And from the different ranks some twenty men ran to the front. A drummer, their leader, turned round facing the singers, and flourishing his arm, began a long-drawn-out soldiers' song, commencing with the words: "Morning dawned, the sun was rising," and concluding: "On then, brothers, on to glory, led by Father Kamenski." This song had been composed in the Turkish campaign and now being sung in Austria, the only change being that the words "Father Kamenski" were replaced by "Father Kutuzov."

Having jerked out these last words as soldiers do and waved his arms as if flinging something to the ground, the drummer- a lean, handsome soldier of forty- looked sternly at the singers and screwed up his eyes. Then having satisfied himself that all eyes were fixed on him, he raised both arms as if carefully lifting some invisible but precious object above his head and, holding it there for some seconds, suddenly flung it down and began:

"Oh, my bower, oh, my bower...!"

"Oh, my bower new...!" chimed in twenty voices, and the castanet player, in spite of the burden of his equipment, rushed out to the front and, walking backwards before the company, jerked his shoulders and flourished his castanets as if threatening someone. The soldiers, swinging their arms and keeping time spontaneously, marched with long steps. Behind the company the sound of wheels, the creaking of springs, and the tramp of horses' hoofs were heard. Kutuzov and his suite were returning to the town. The commander in chief made a sign that the men should continue to march at ease, and he and all his suite showed pleasure at the sound of the singing and the sight of the dancing soldier and the gay and smartly marching men. In the second file from the right flank, beside which the carriage passed the company, a blue-eyed soldier involuntarily attracted notice. It was Dolokhov marching with particular grace and boldness in time to the song and looking at those driving past as if he pitied all who were not at that moment marching with the company. The hussar cornet of Kutuzov's suite who had mimicked the regimental commander, fell back from the carriage and rode up to Dolokhov.

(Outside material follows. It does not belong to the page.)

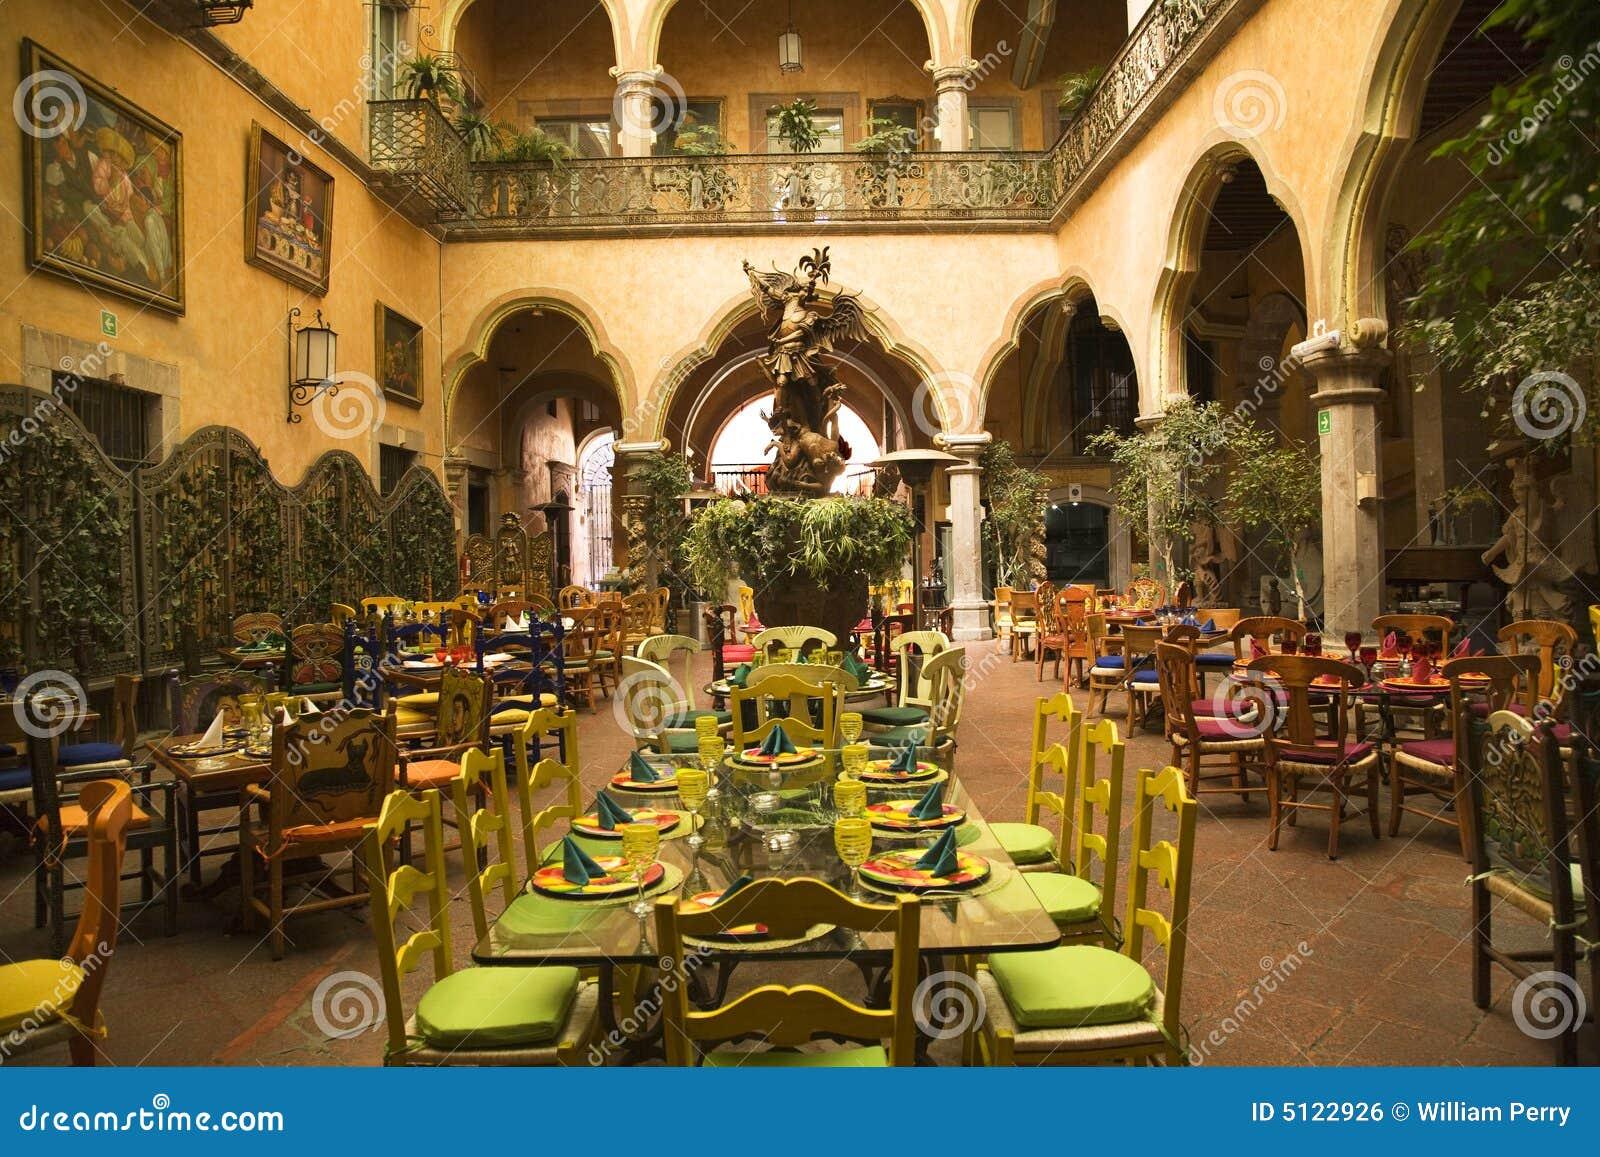 Restaurante Mexicano Queretaro México Del Patio Imagen de ...

Hussar cornet Zherkov had at one time, in Petersburg, belonged to the wild set led by Dolokhov. Zherkov had met Dolokhov abroad as a private and had not seen fit to recognize him. But now that Kutuzov had spoken to the gentleman ranker, he addressed him with the cordiality of an old friend.

"My dear fellow, how are you?" said he through the singing, making his horse keep pace with the company.

"How am I?" Dolokhov answered coldly. "I am as you see."

The lively song gave a special flavor to the tone of free and easy gaiety with which Zherkov spoke, and to the intentional coldness of Dolokhov's reply.

"And how do you get on with the officers?" inquired Zherkov.

"All right. They are good fellows. And how have you wriggled onto the staff?"

"I was attached; I'm on duty."

Both were silent.

"She let the hawk fly upward from her wide right sleeve," went the song, arousing an involuntary sensation of courage and cheerfulness. Their conversation would probably have been different but for the effect of that song.

"Is it true that Austrians have been beaten?" asked Dolokhov.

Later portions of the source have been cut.